**WORK INSTRUCTIONS:** Set the listing down again exactly, please, apart from its pictures.

---------- GIVEN DATA

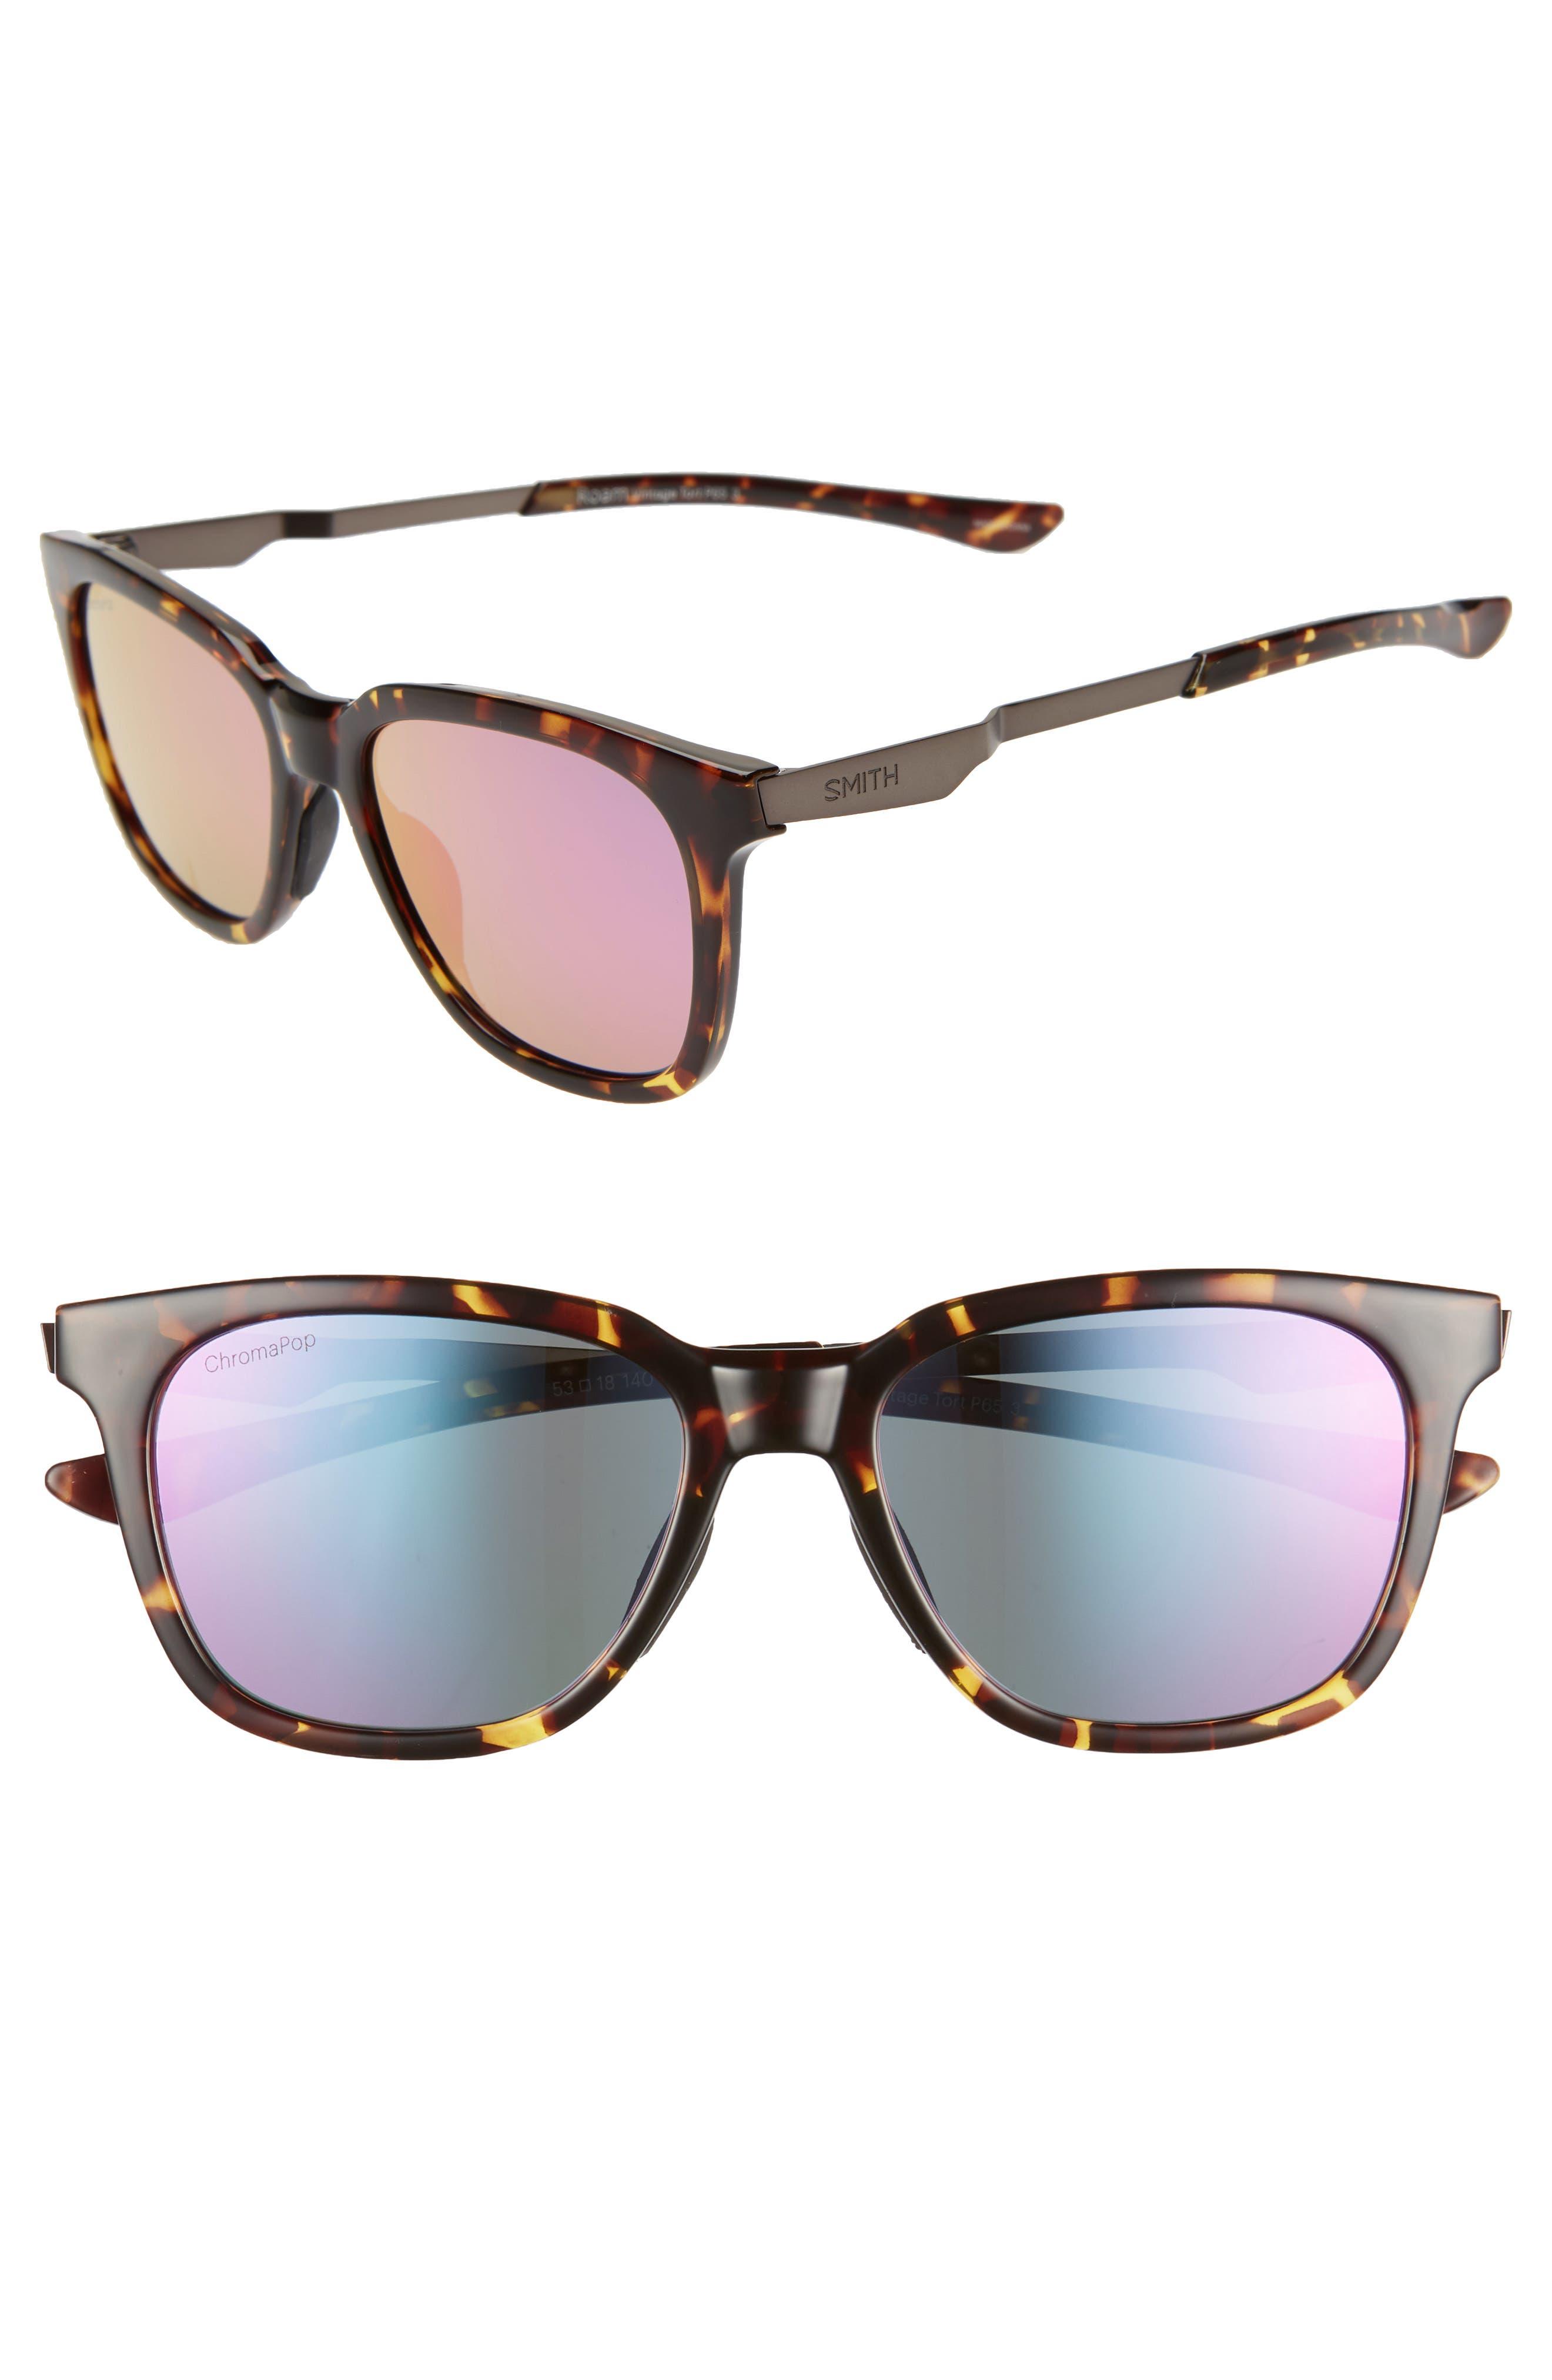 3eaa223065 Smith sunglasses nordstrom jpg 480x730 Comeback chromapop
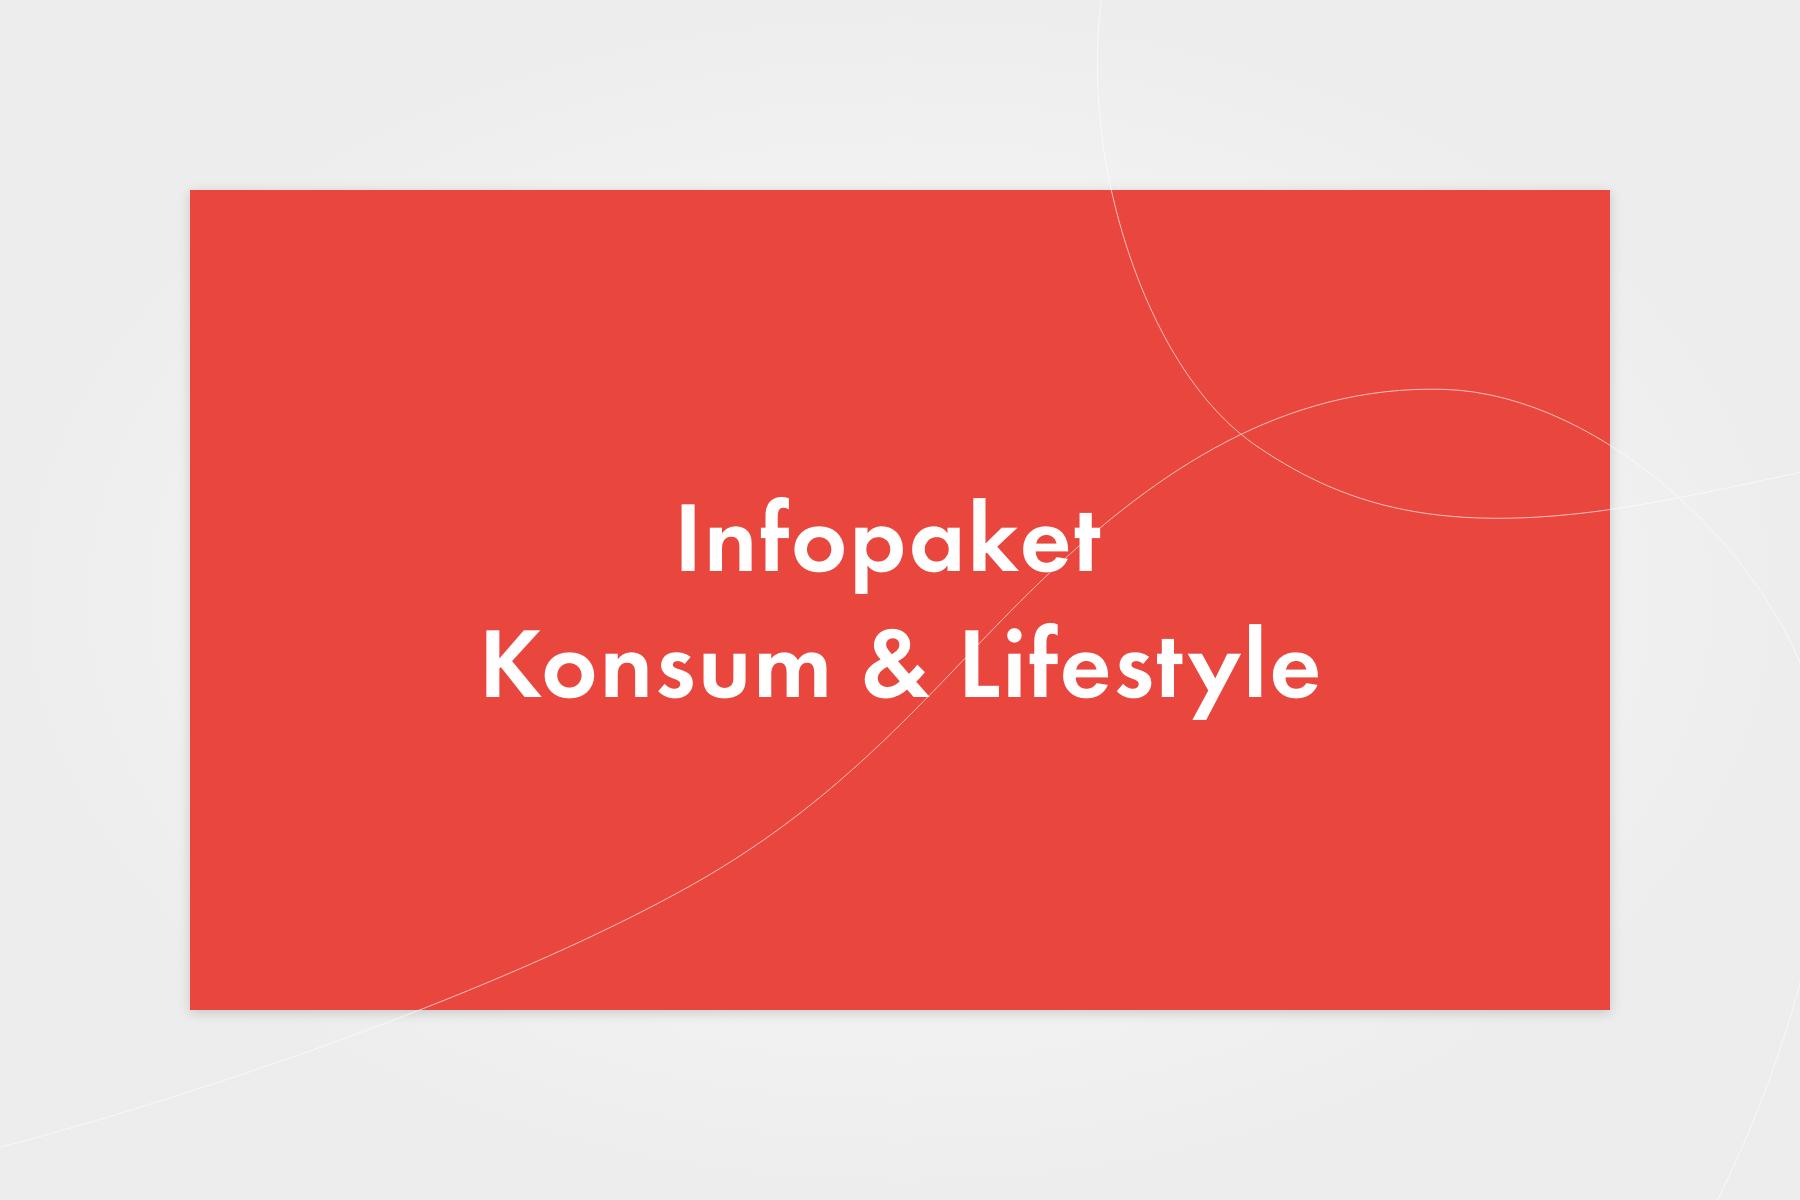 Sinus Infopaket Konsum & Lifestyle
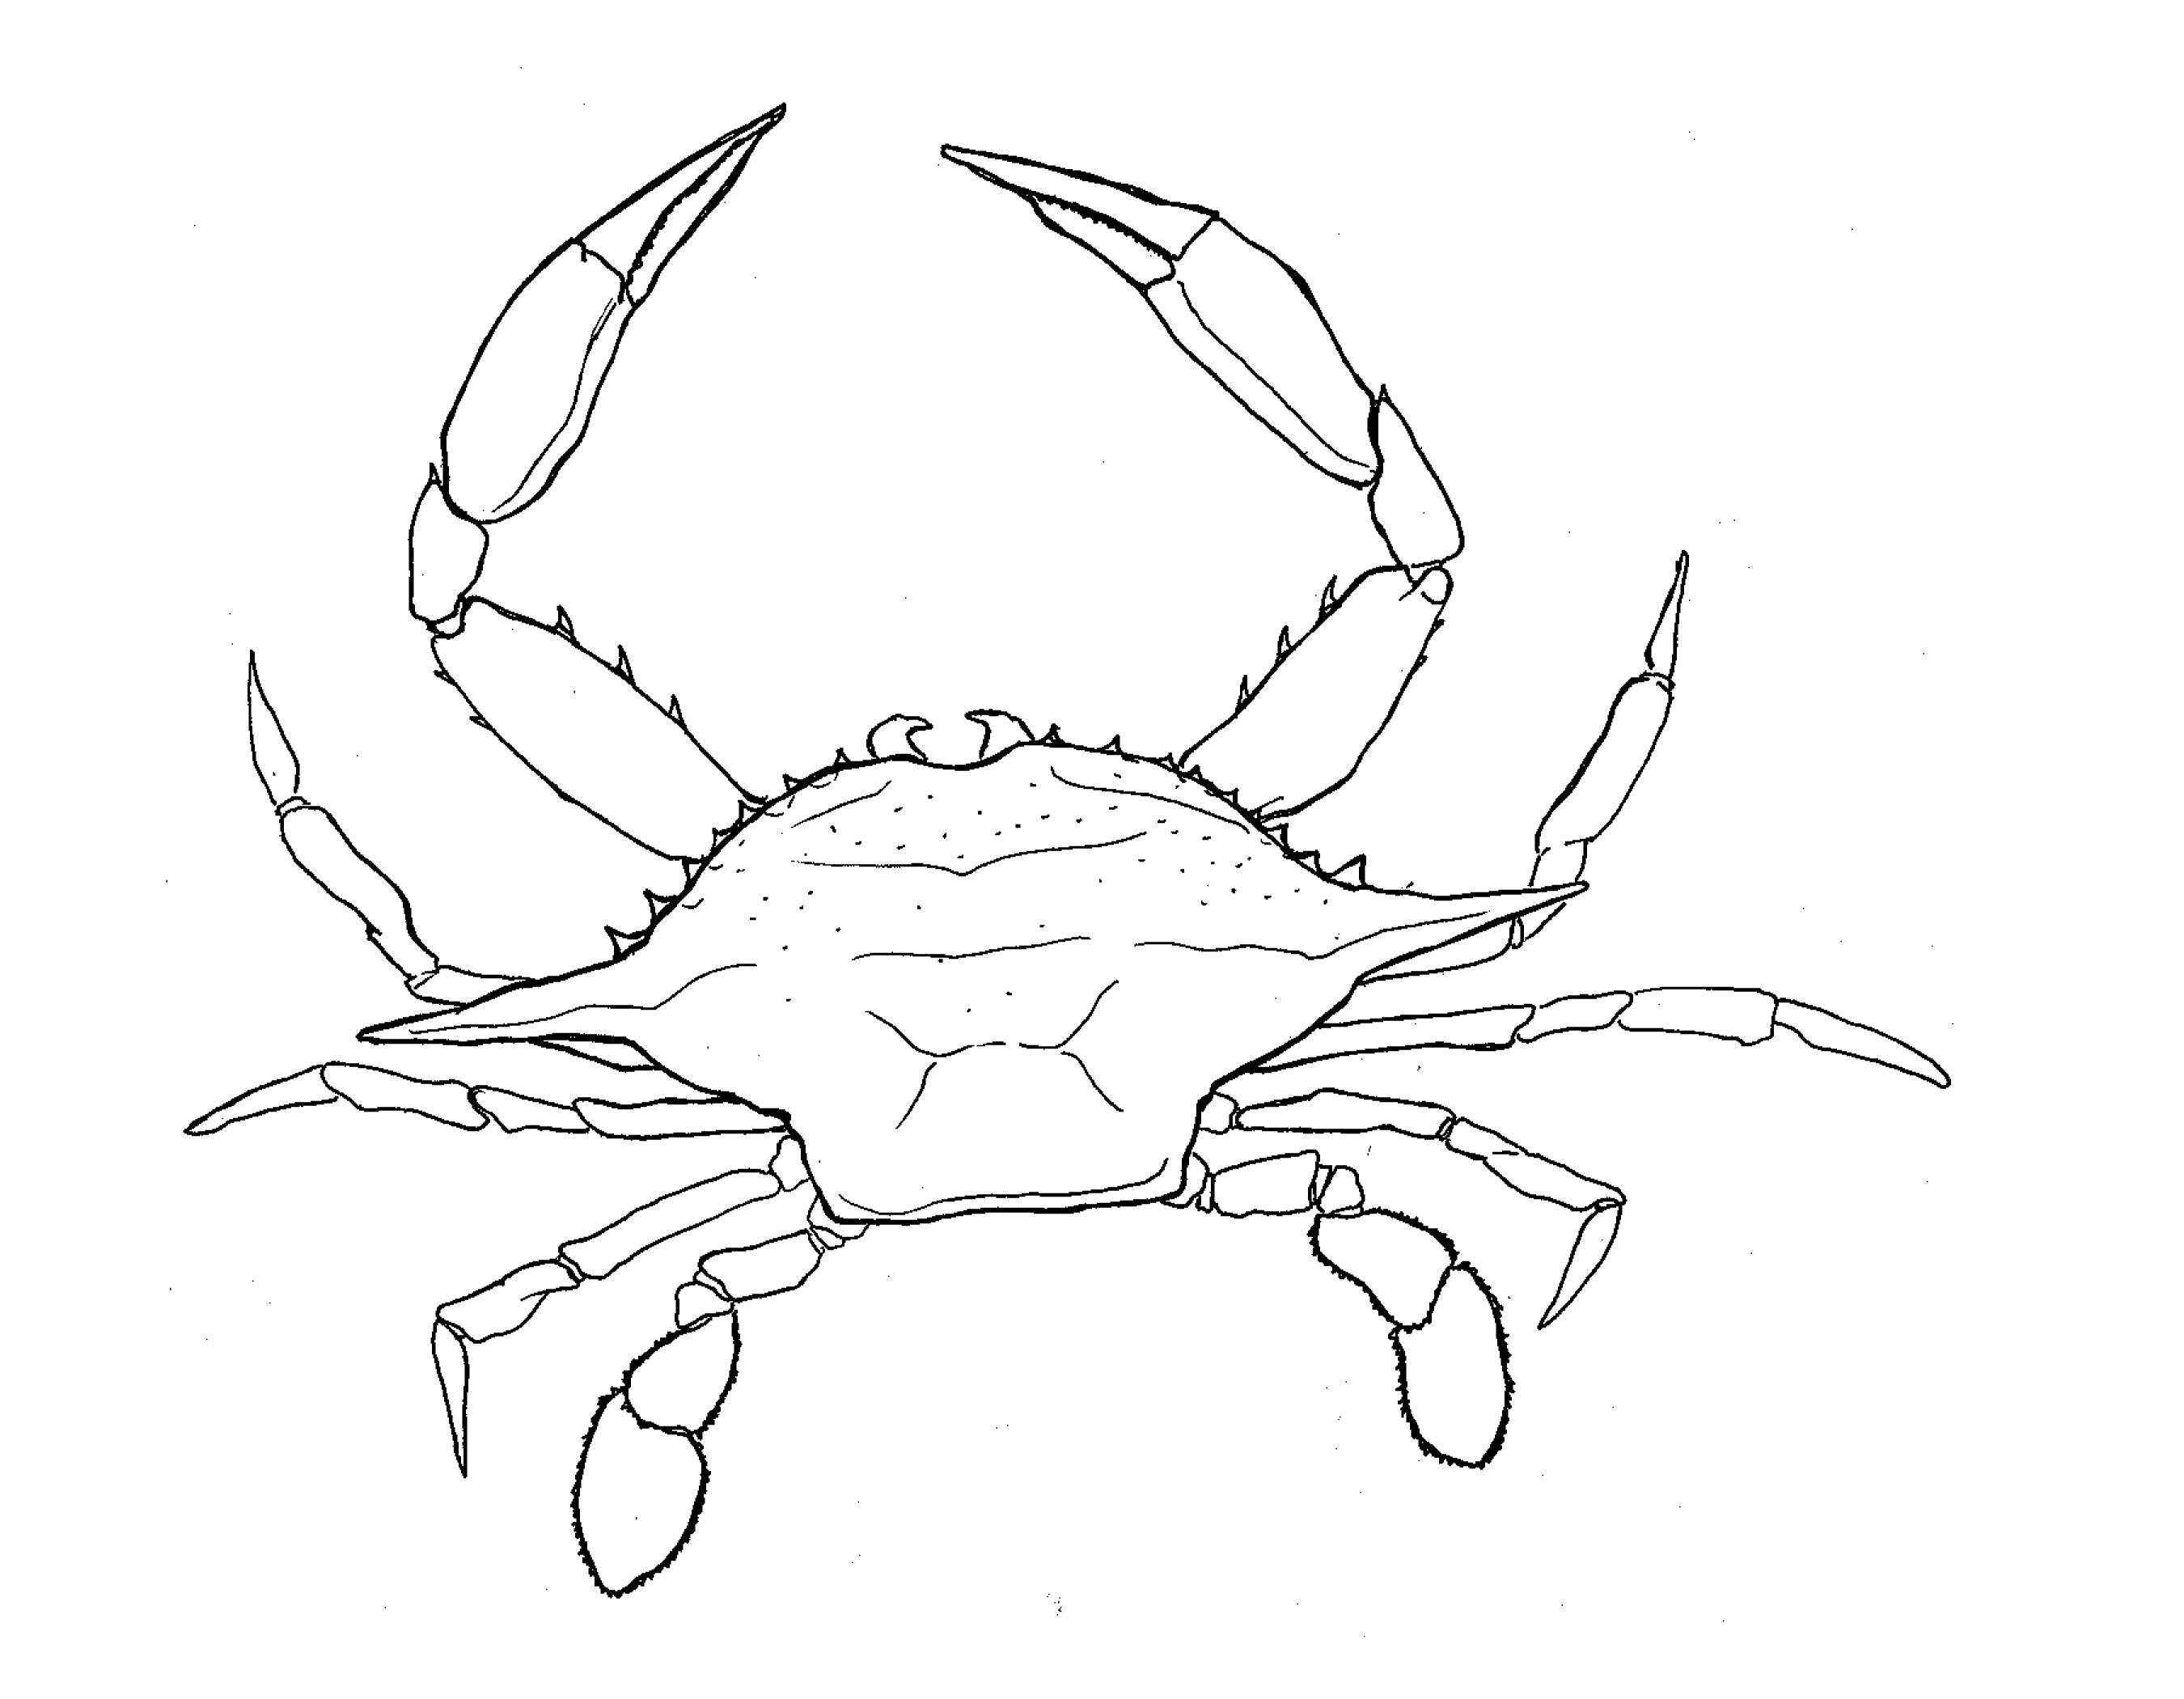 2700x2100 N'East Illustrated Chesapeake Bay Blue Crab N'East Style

--------------------

**EXERCISE OUTPUT:**
 3eaa223065 Smith sunglasses nordstrom jpg 480x730 Comeback chromapop
 Sinus Infopaket Konsum & Lifestyle
 2700x2100 N'East Illustrated Chesapeake Bay Blue Crab N'East Style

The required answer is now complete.